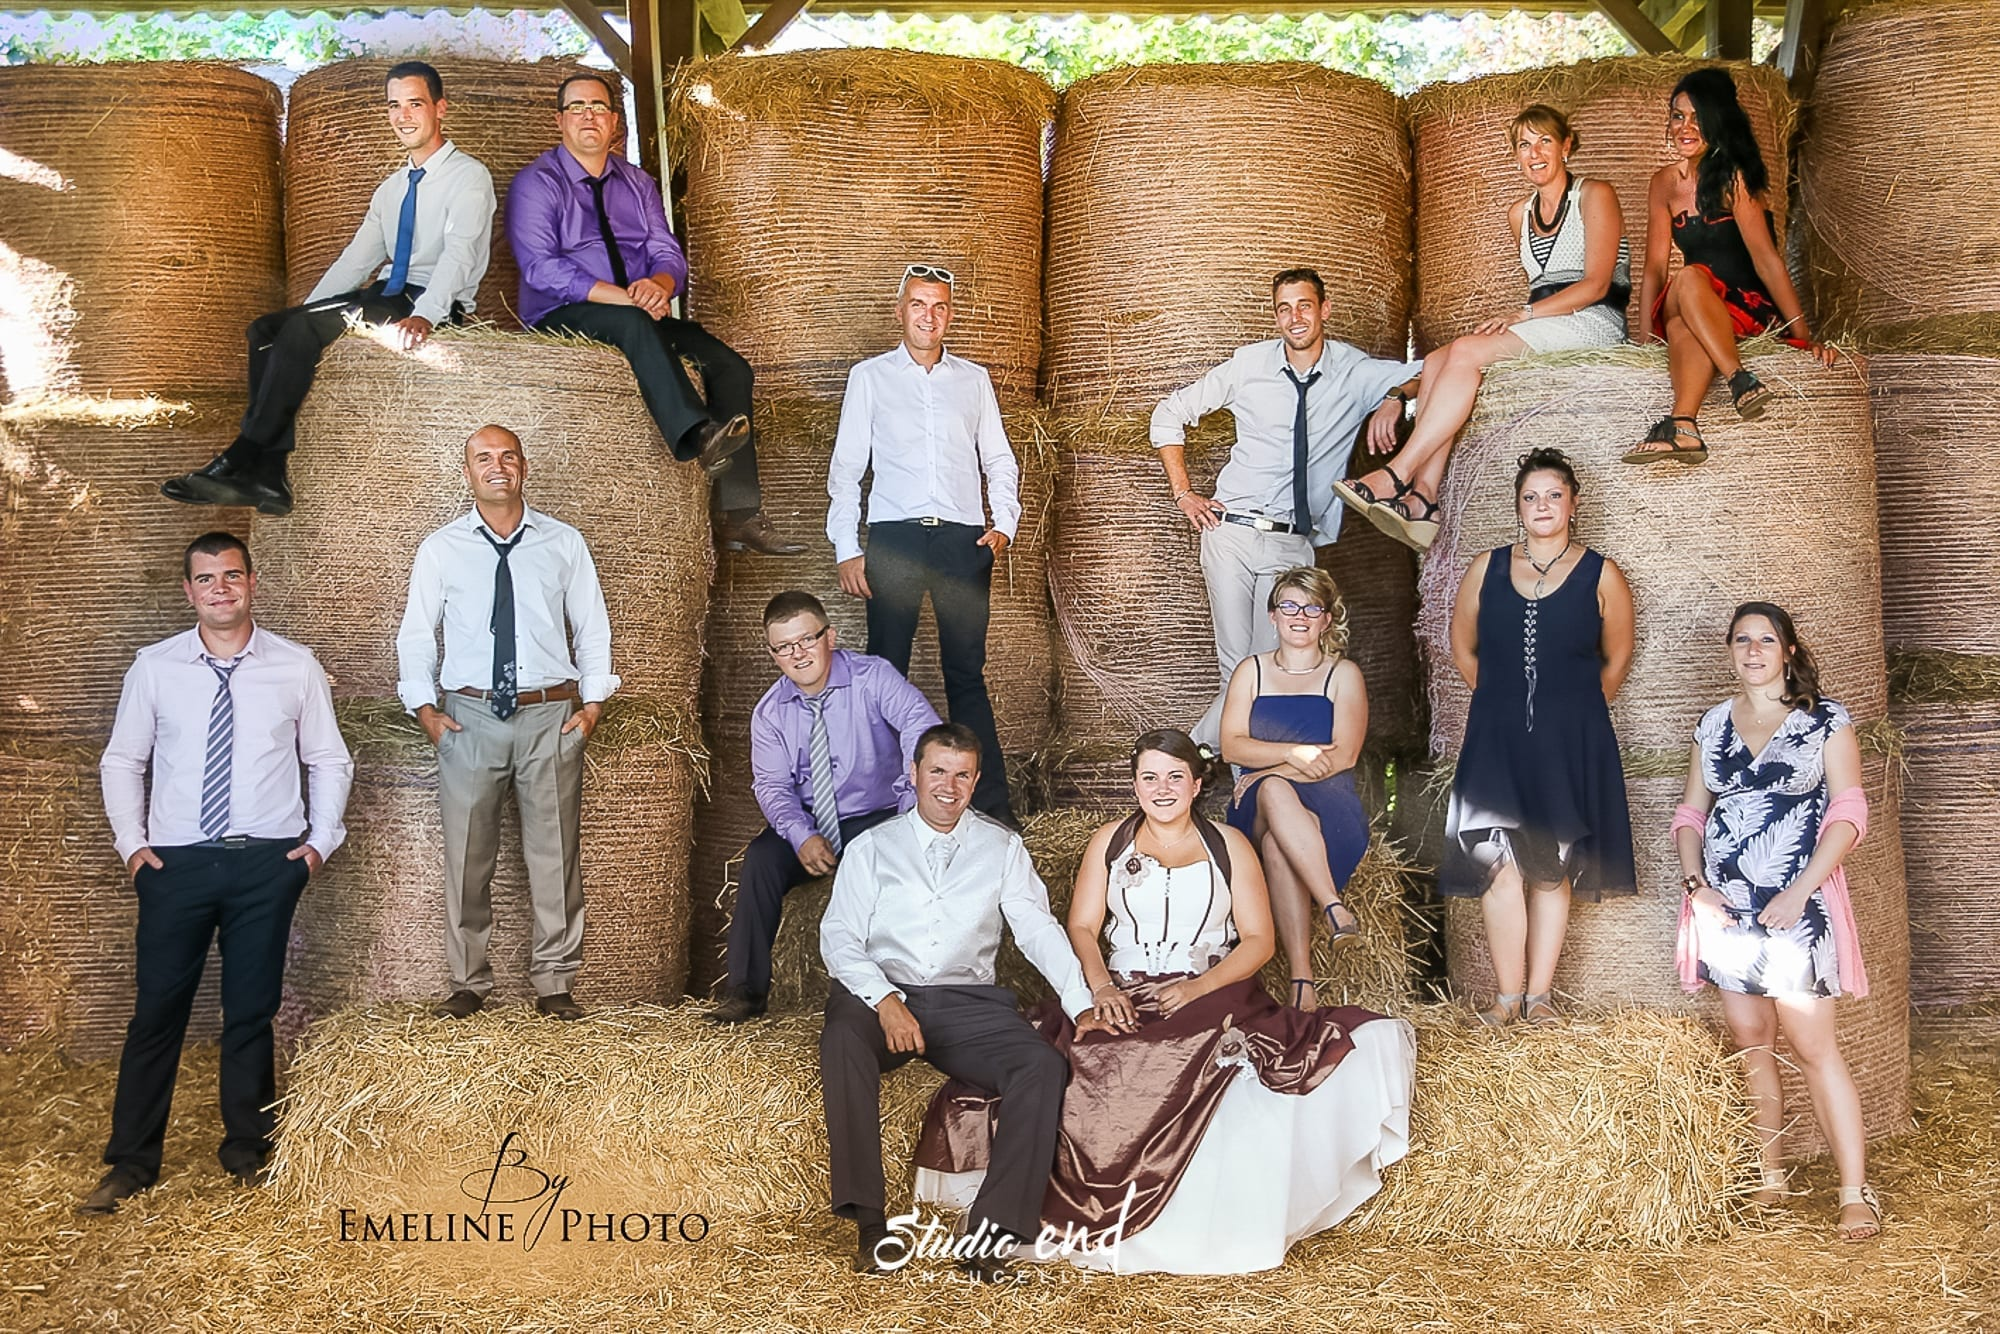 Photographie originale de témoins d'un mariage en Aveyron
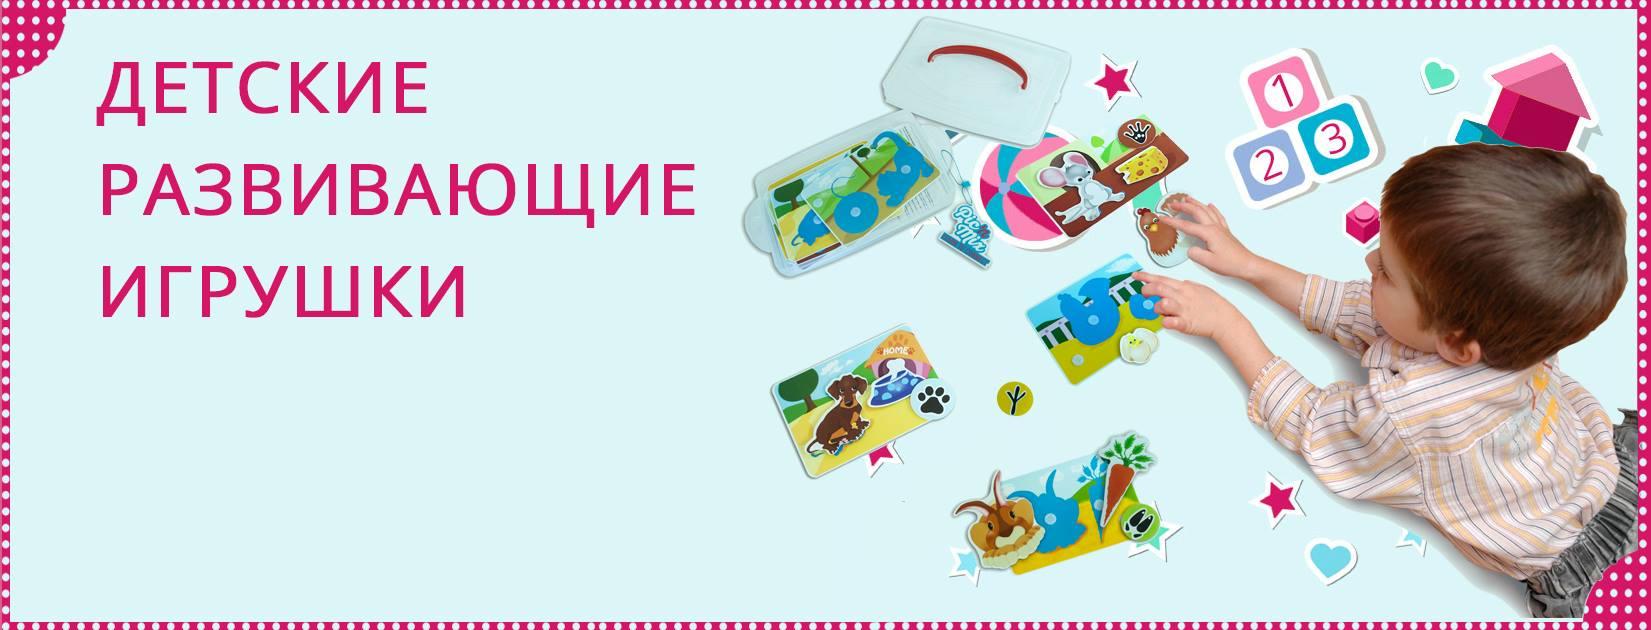 орг. KRASOTKA_N. Picn Mix - умные липучки. Развивающие игрушки для детей от 6 мес.от ведущего российского производителя
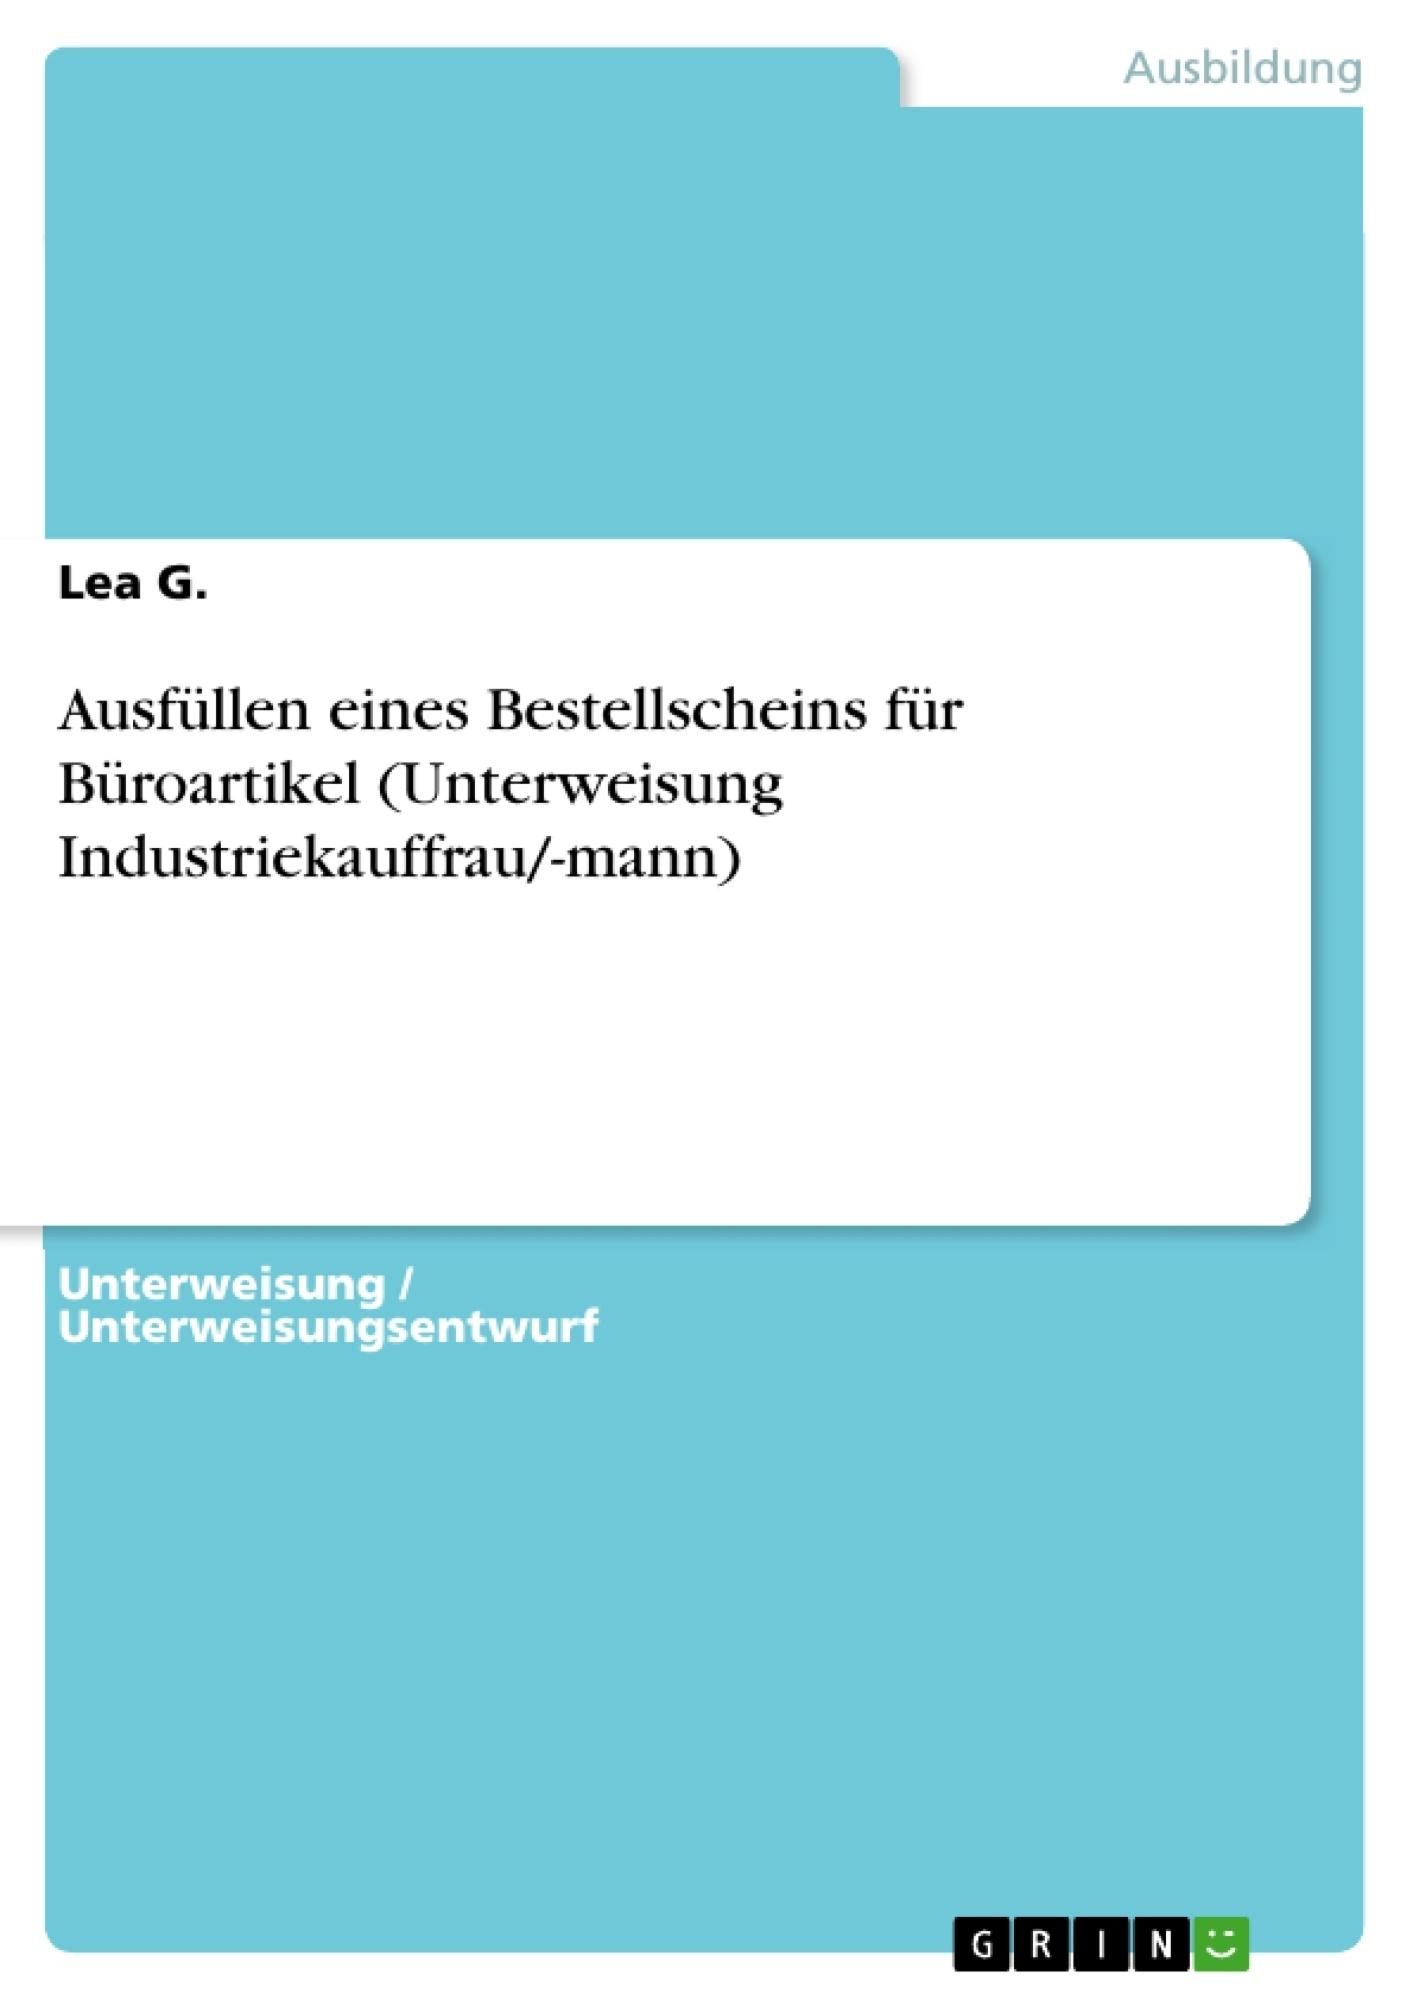 Titel: Ausfüllen eines Bestellscheins für Büroartikel (Unterweisung Industriekauffrau/-mann)
__________________________________________________
### WHAT TO WORK ON
Return an exact copy of the data above, apart from any pictures.

### PROBLEM SOLUTION
 Photographie originale de témoins d'un mariage en Aveyron
 орг. KRASOTKA_N. Picn Mix - умные липучки. Развивающие игрушки для детей от 6 мес.от ведущего российского производителя
 Titel: Ausfüllen eines Bestellscheins für Büroartikel (Unterweisung Industriekauffrau/-mann)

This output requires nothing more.